We can now populate that container with either xsCreate or xsUpdate. xsUpdate will work since the container file exists. This trick can be handy to reset a container and cull out accumulated data because the file has grown very large over time with use or if you accidentally fed too much data into it.

Let’s talk about that for a minute. What is too large? XS has to read in the entire CSV into memory when it uses it. That has the obvious implications. A data set of 10 rows with the normal 5 domain terms of “minimal,low,medium,high,extreme” gives us 56 lines in the csv. 10 data items plus a default data item = 11 * 5 = 55 plus a header row = 56. Generally, if you are going to have 10K data items going into a context I would make one container for it and not share that container with any other contexts. That way you are not reading in a lot of large data into memory you are not using with your XS commands like for xswhere filtering.

One other thing to consider. The data size of this file is important in the Splunk data bundle replication. It is a csv file in the lookups folder and gets distributed with all the other data. If you made a context so large the CSV was 1.5GB in size you could negatively impact your search bundle replication and be in for the fun that brings.

xsFindBestConcept

This command comes from the Extreme Search Visualization app. It lets you run data against your context and have it tell you what concept terms best match the each result. This command has to work pretty hard so if your data going in is large it may take a few minutes to come back.

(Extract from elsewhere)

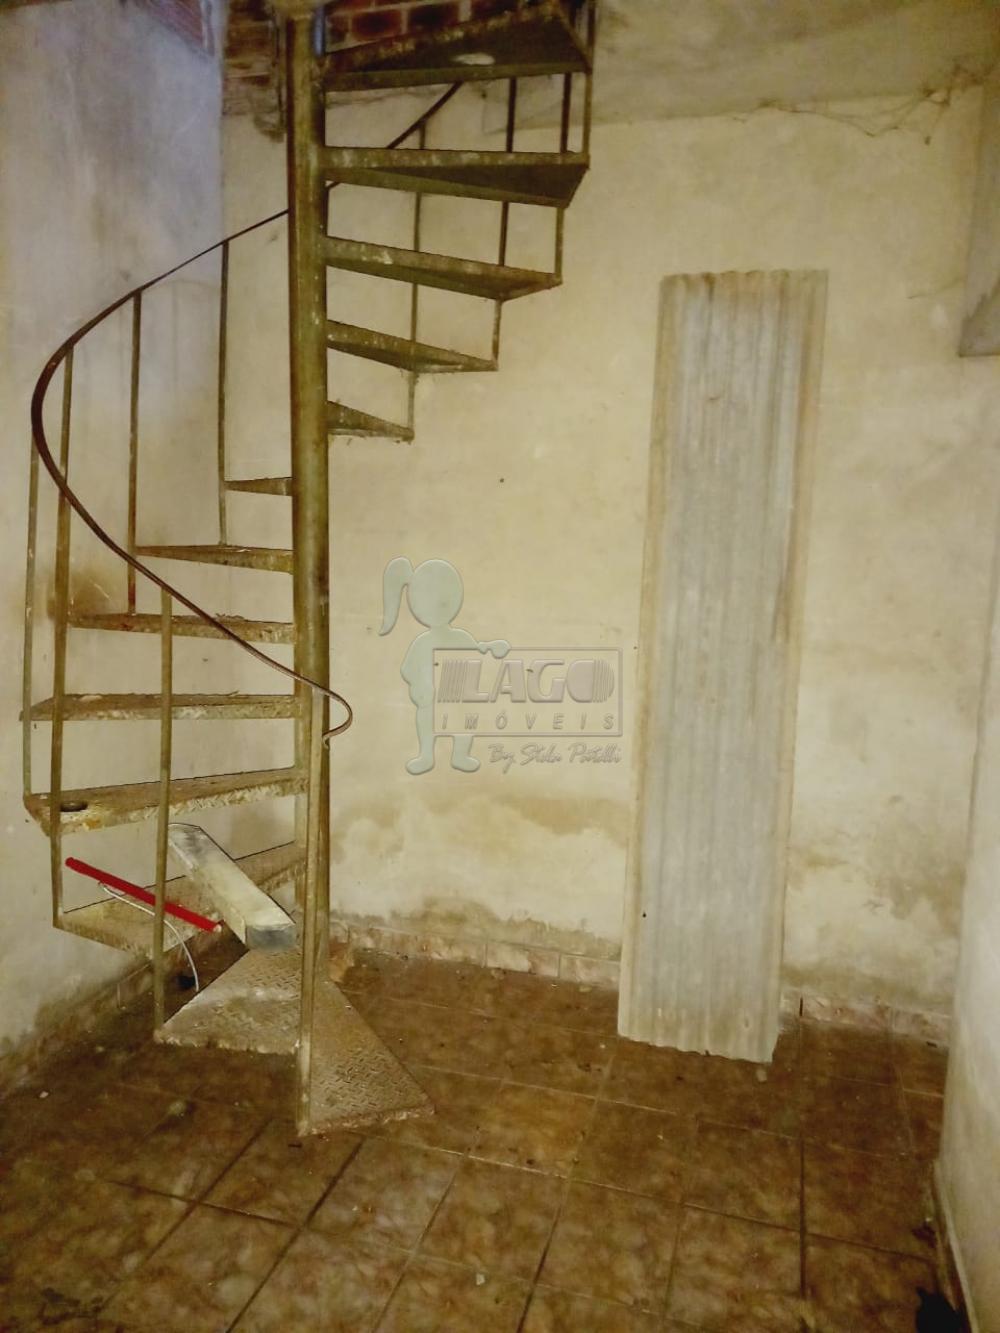 Comprar Casas / Padrão em Ribeirão Preto R$ 210.000,00 - Foto 4

| tstats summariesonly=true dc(Authentication.user) as userCount from datamodel=Authentication where (nodename=Authentication.Failed_Authentication sourcetype=linux_secure) by _time, Authentication.src, Authentication.app span=1d | rename Authentication.* AS * | xsFindBestConcept userCount FROM users_by_src_1d IN auth_failures BY "src,app"

xsGetWhereCIX

This command comes acts like xswhere but does not actually filter results. It just displays ALL results that went in and what their CIX compatibility value is for the statement you used.

| tstats summariesonly=true count as failures, dc(Authentication.user) AS userCount from datamodel=Authentication where nodename=Authentication.Failed_Authentication by _time Authentication.src, Authentication.app span=1d | eval avgFailures=failures/userCount | rename Authentication.* AS * | xsgetwherecix avgFailures from failures_by_src_1d by "src,app" in auth_failures is extreme

Min and Max:

XS for the type=domain needs count, and min/max values with depth. This means where min/max are never equal. The fun part is HOW you get a min and max is up to you. You will see examples that just use the min() and max() functions. Other examples will get min() and make max the median()*someValue. You often have to experiment for what fits your data and gives you an acceptable result. We touched on this value spreading in part one of Getting Extreme.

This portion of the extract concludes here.